Exercise data:
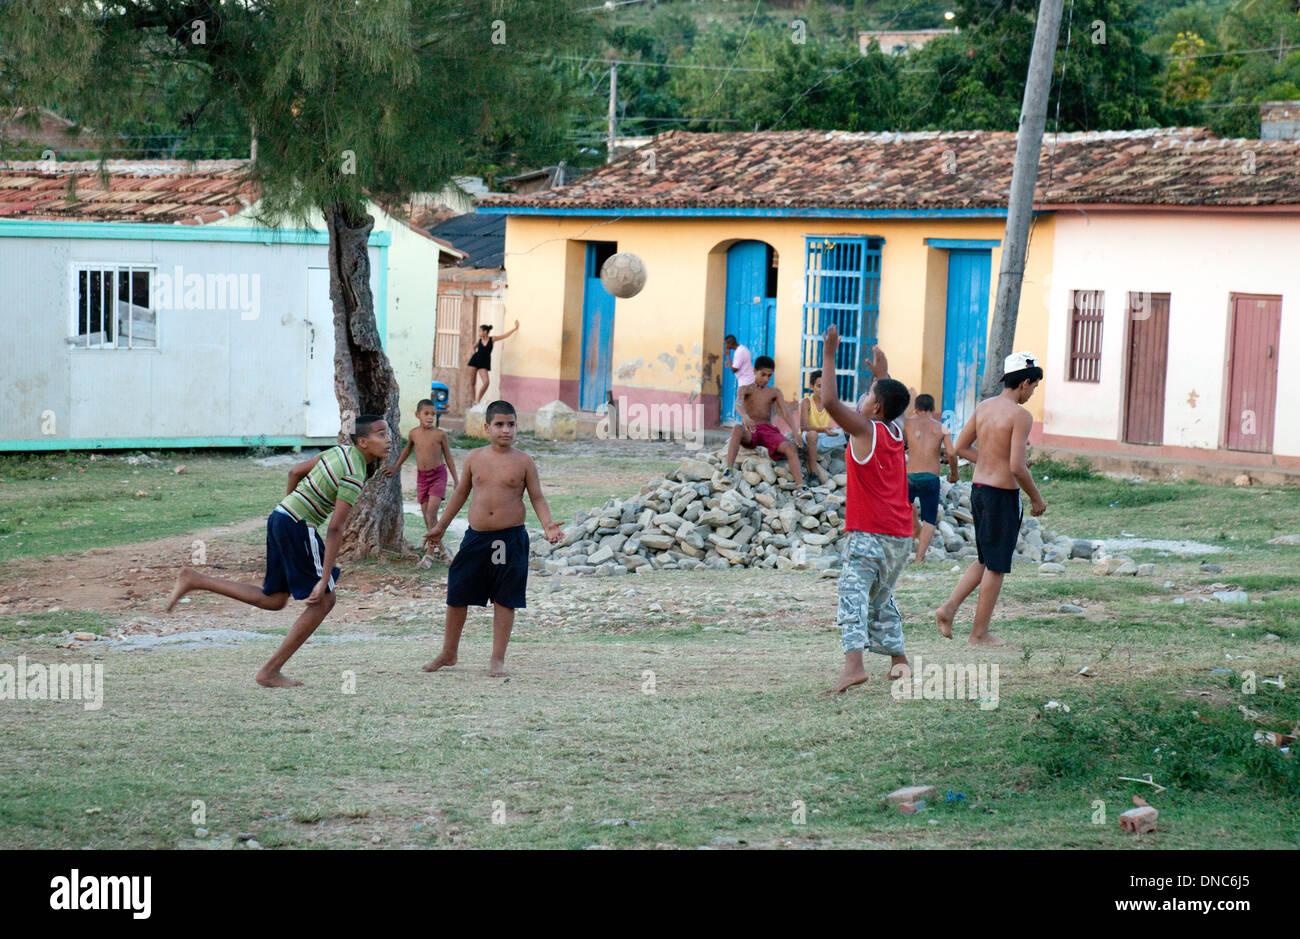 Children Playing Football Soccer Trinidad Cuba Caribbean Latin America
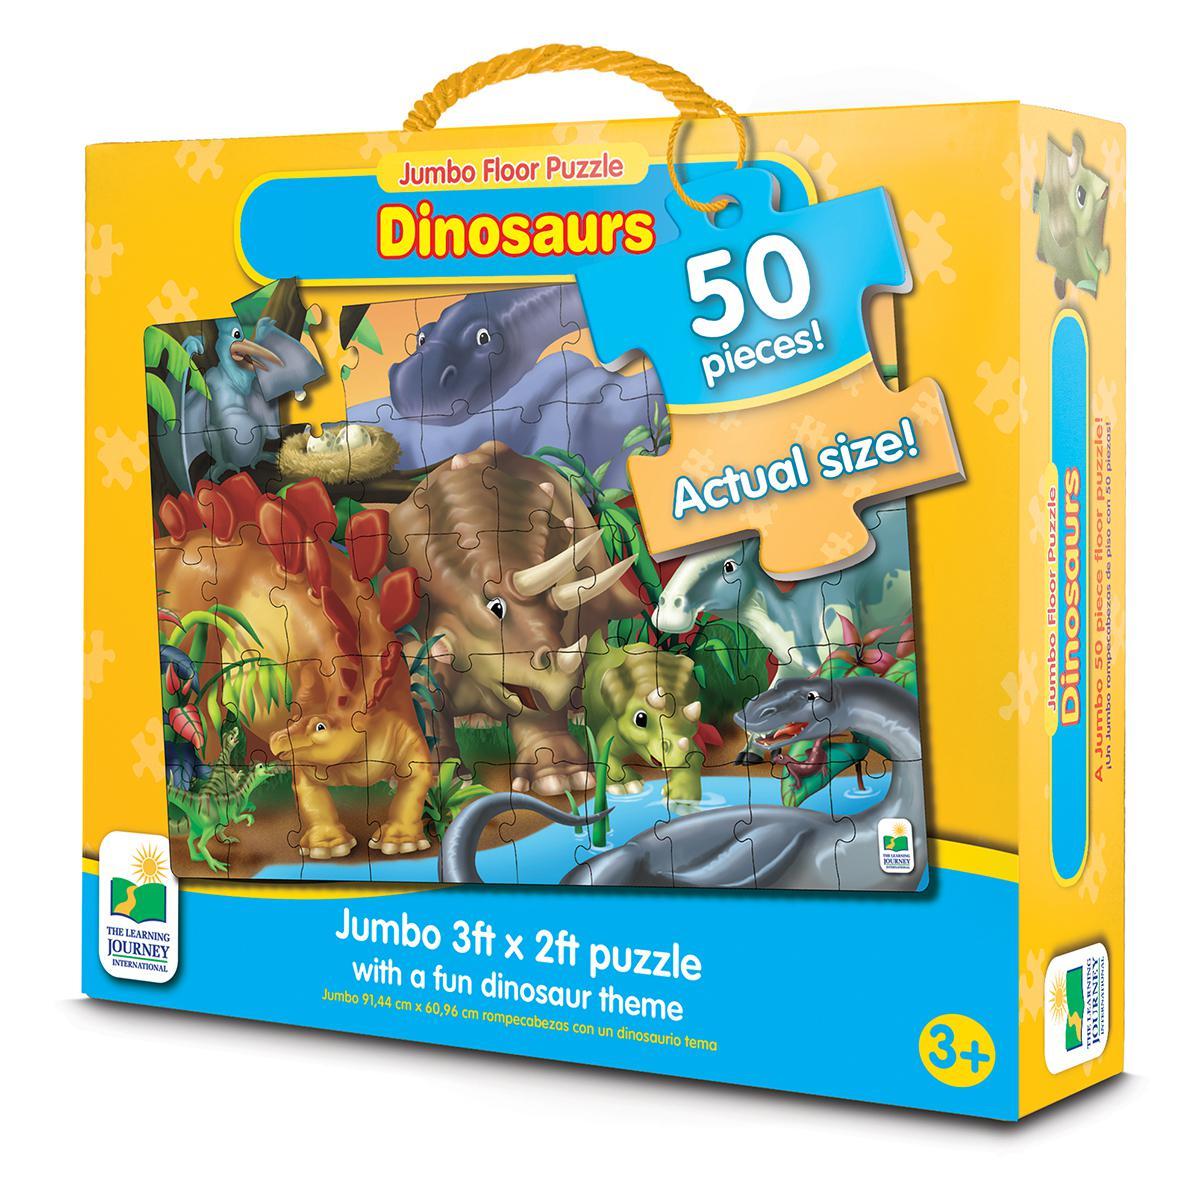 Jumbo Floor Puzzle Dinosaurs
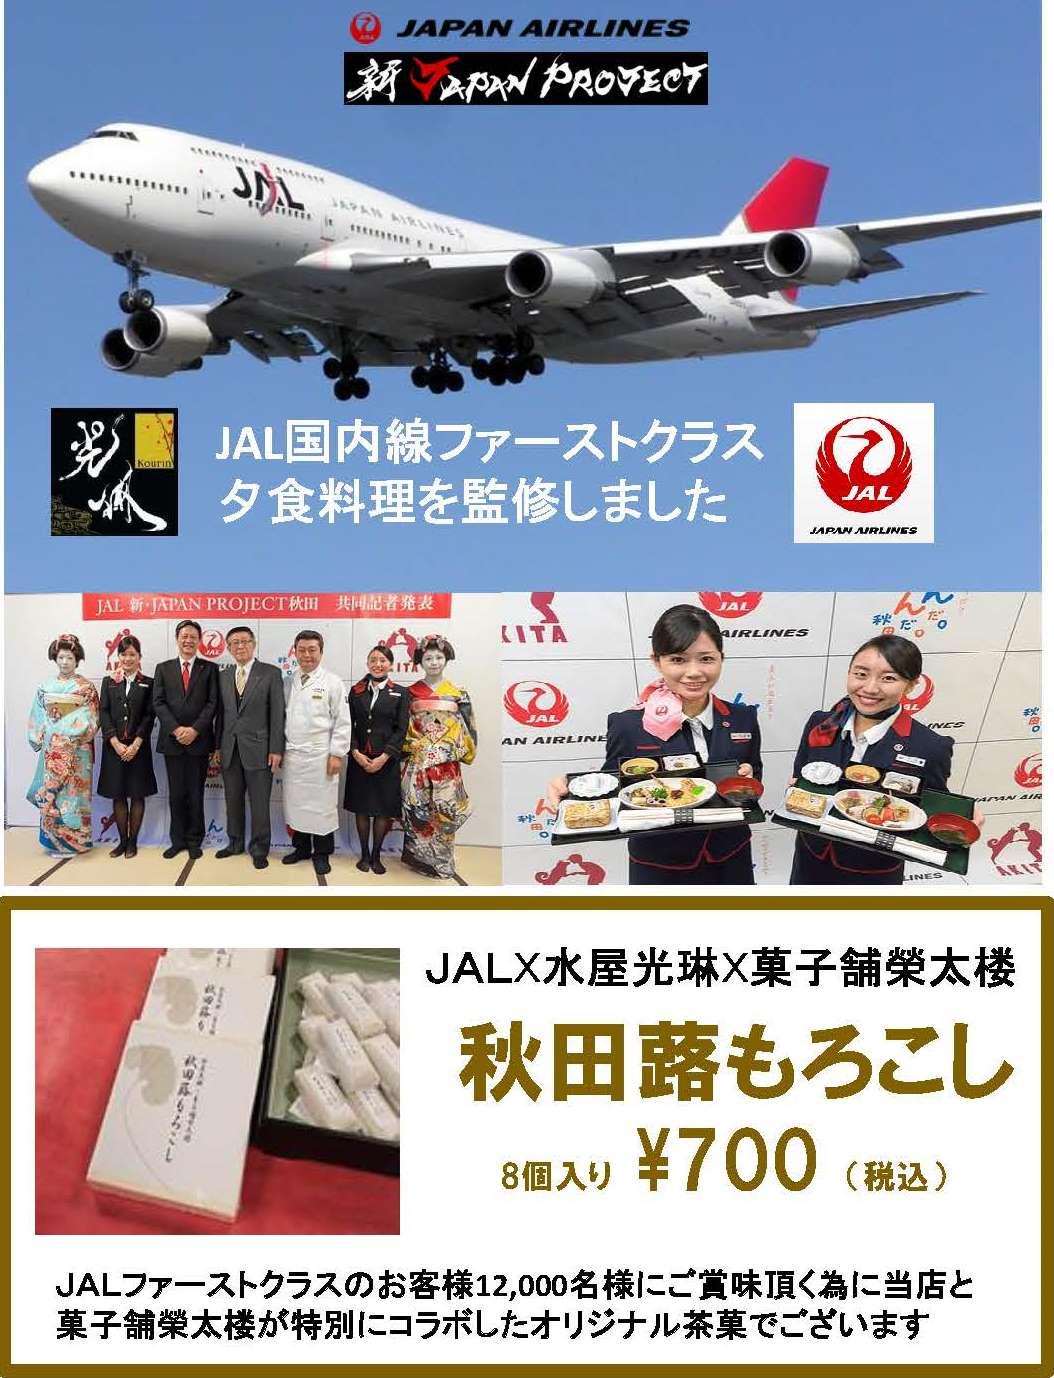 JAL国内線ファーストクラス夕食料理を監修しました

Requirement:
Once the line containing "Jumbo Floor Puzzle Dinosaurs" is found, transcribe it and the rest of the lines to the end of the listing above exactly, omitting all pictures.

Worked solution:
 Jumbo Floor Puzzle Dinosaurs
 JAL国内線ファーストクラス夕食料理を監修しました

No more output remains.